━━ Data section ━━

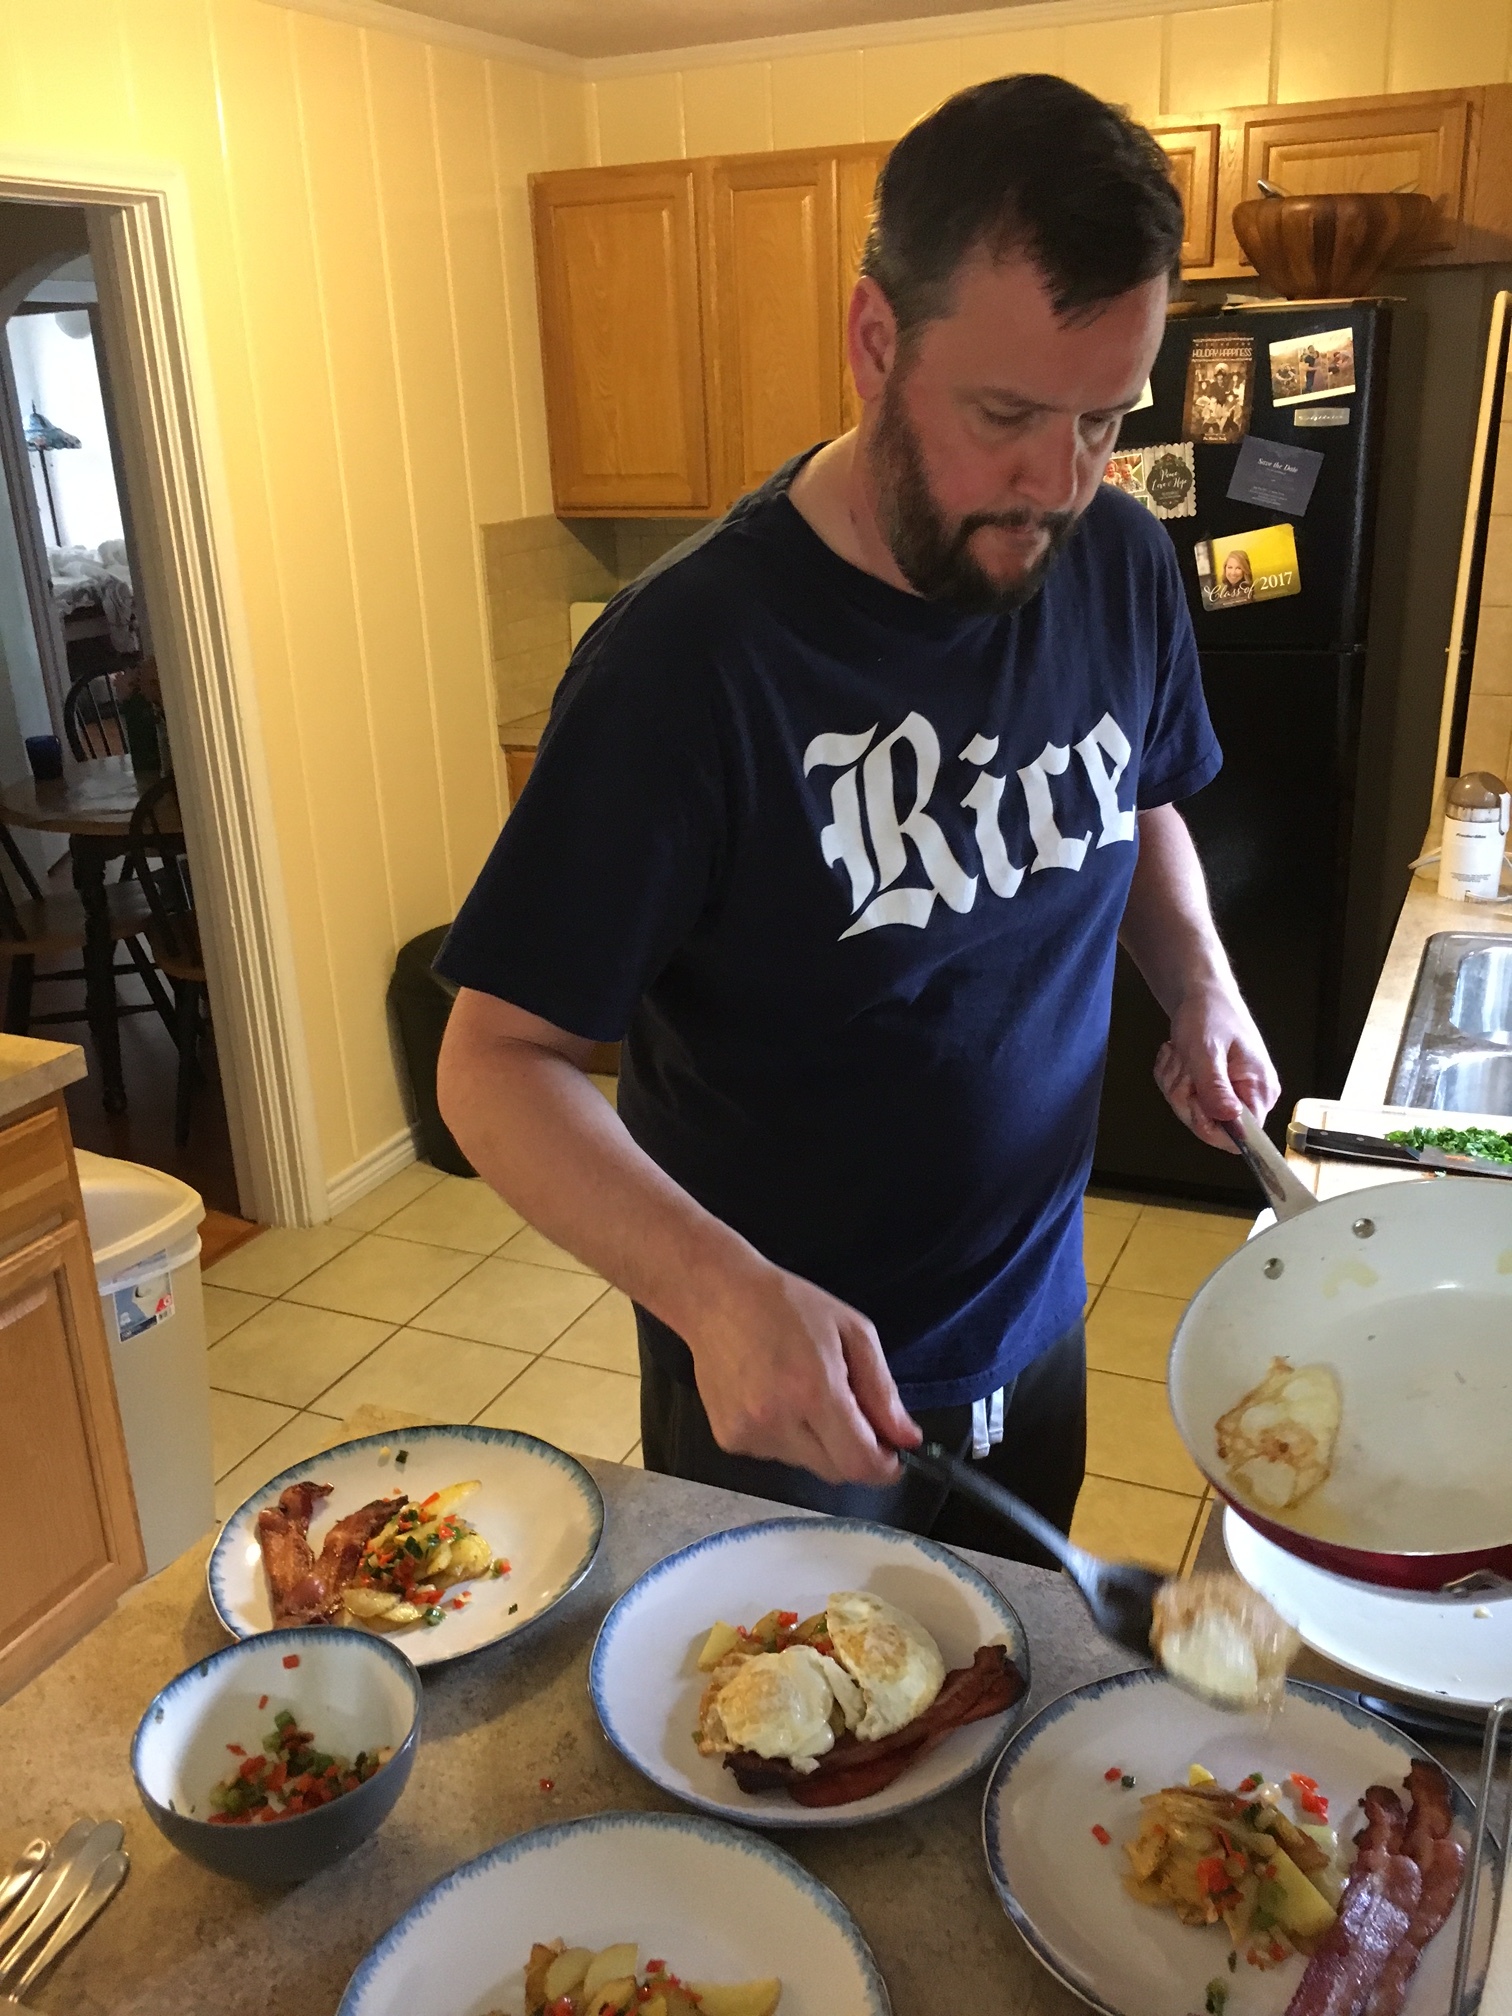 no matter where his kids are, Dad makes them breakfast
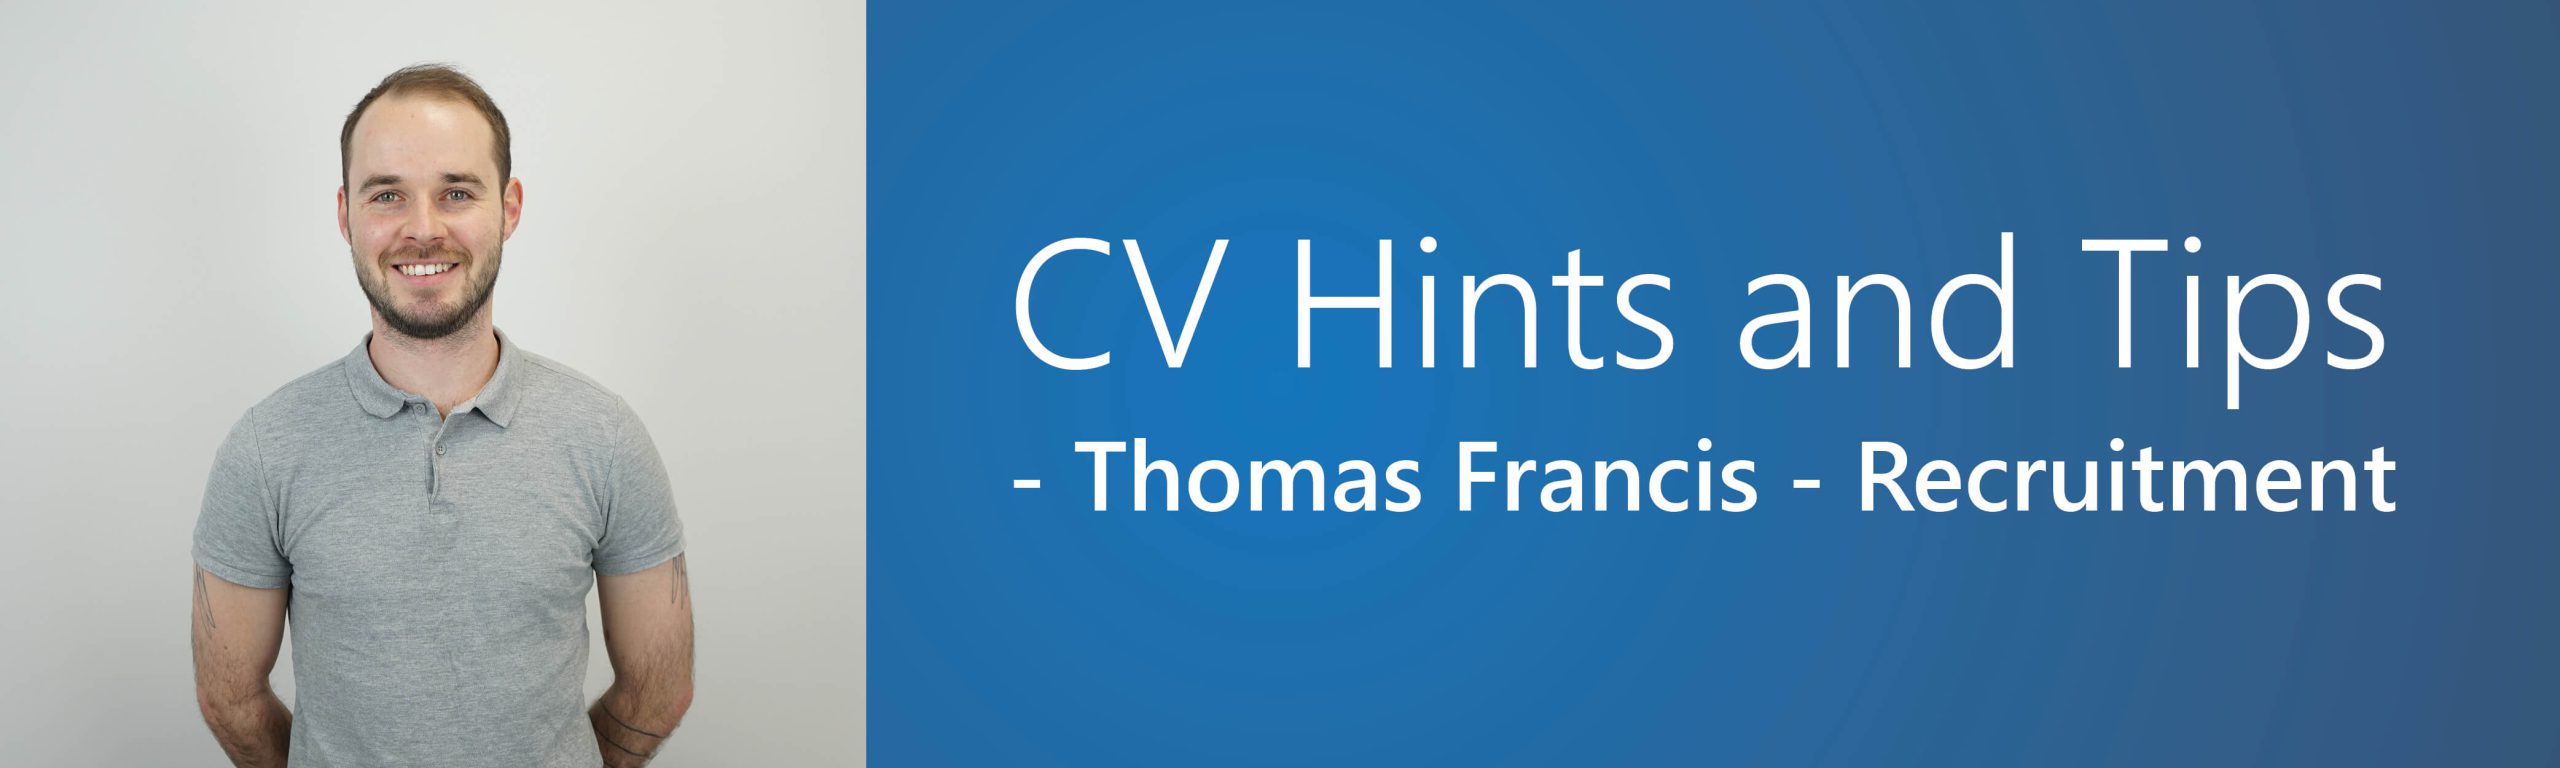 CV Hints and Tips Banner
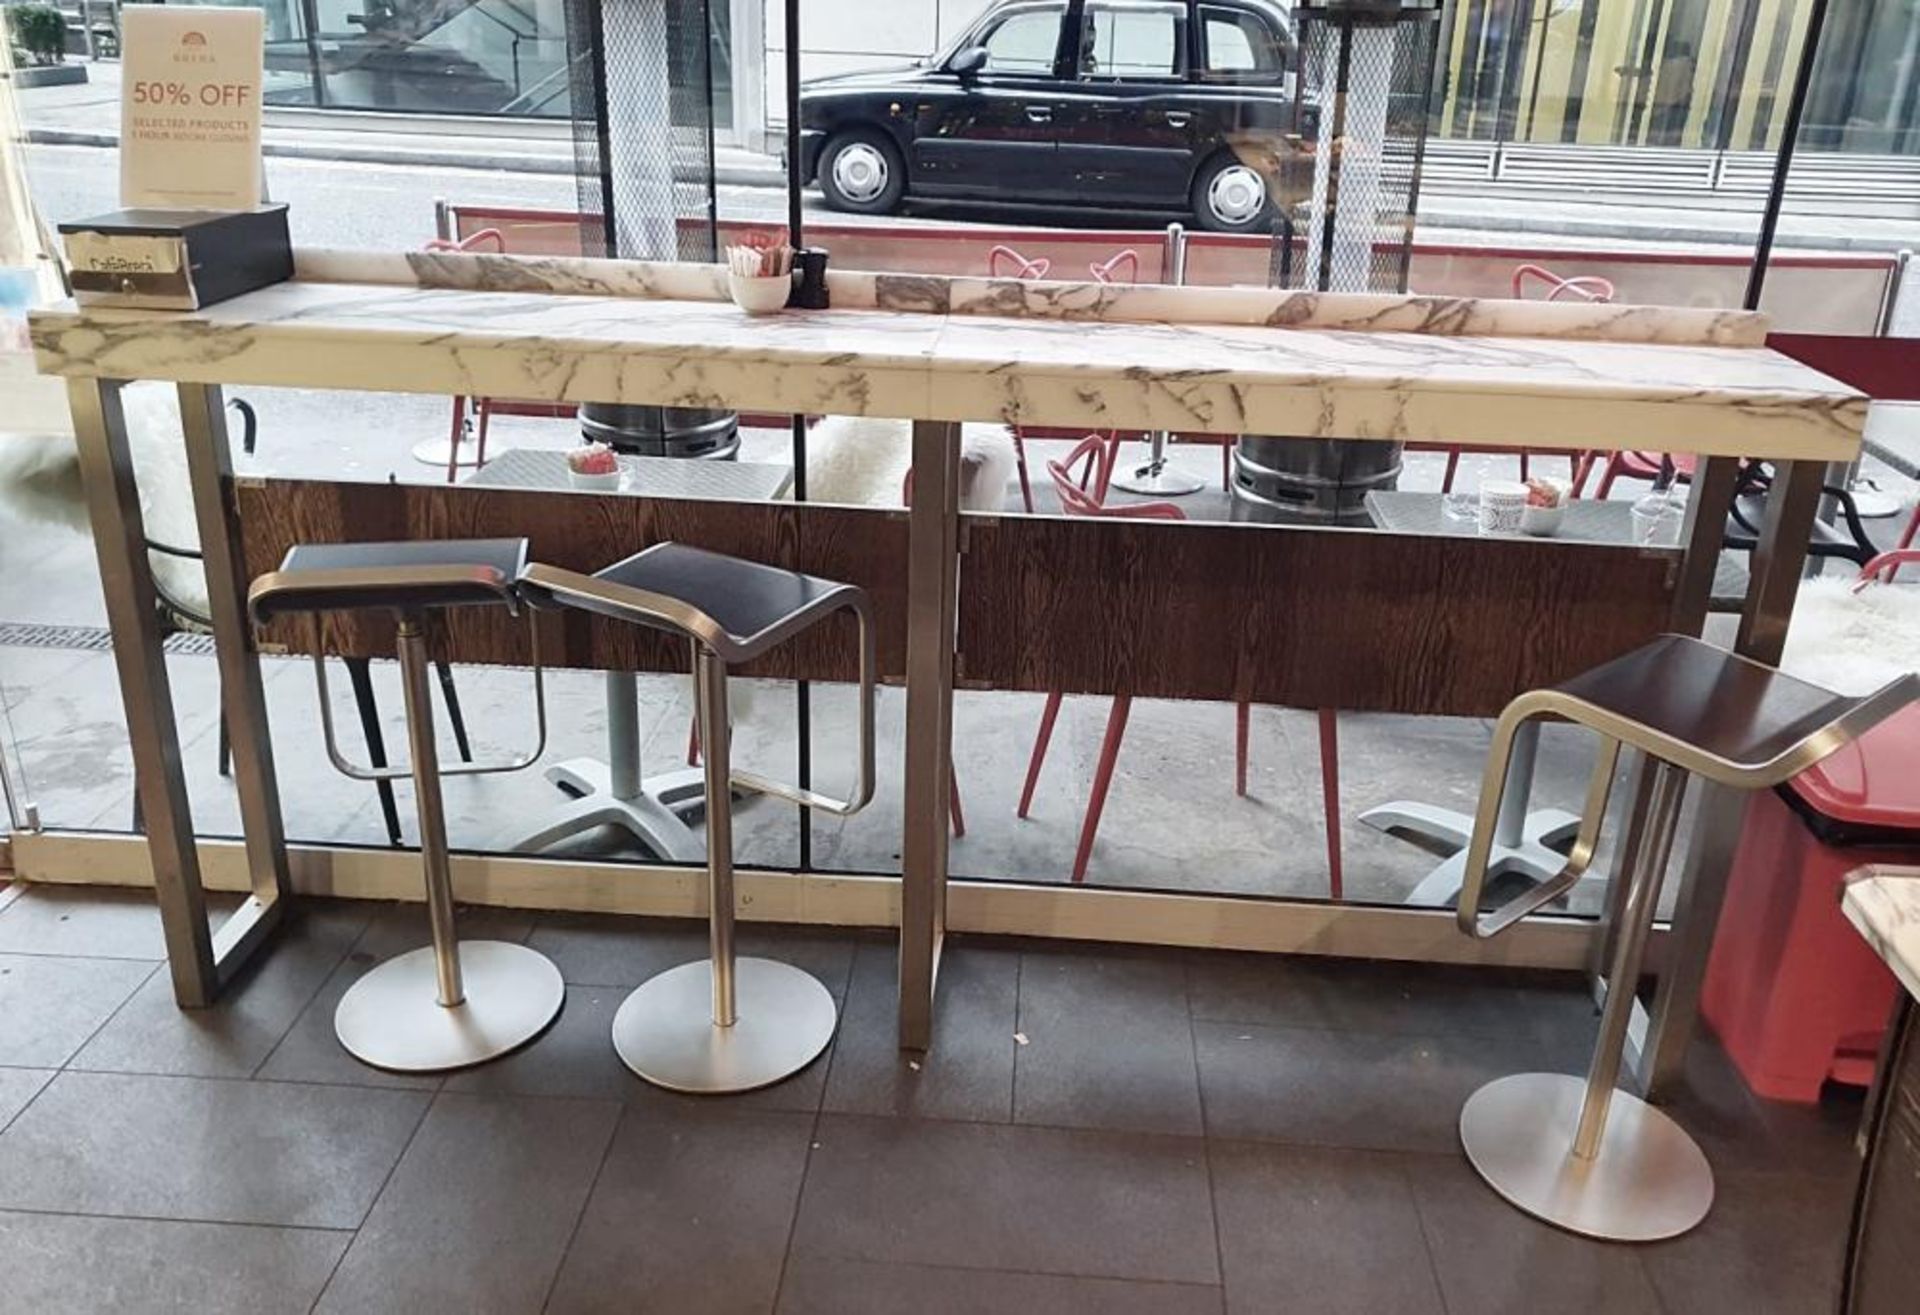 1 x White Marble/Granite Breakfast / Coffee Bar - Two Piece - From A Milan-style City Centre Cafe - Bild 2 aus 4

━━━

Problem to work on: Print each line of the listing exactly and include no pictures.

Written reply:
 no matter where his kids are, Dad makes them breakfast
 CV Hints and Tips Banner
 1 x White Marble/Granite Breakfast / Coffee Bar - Two Piece - From A Milan-style City Centre Cafe - Bild 2 aus 4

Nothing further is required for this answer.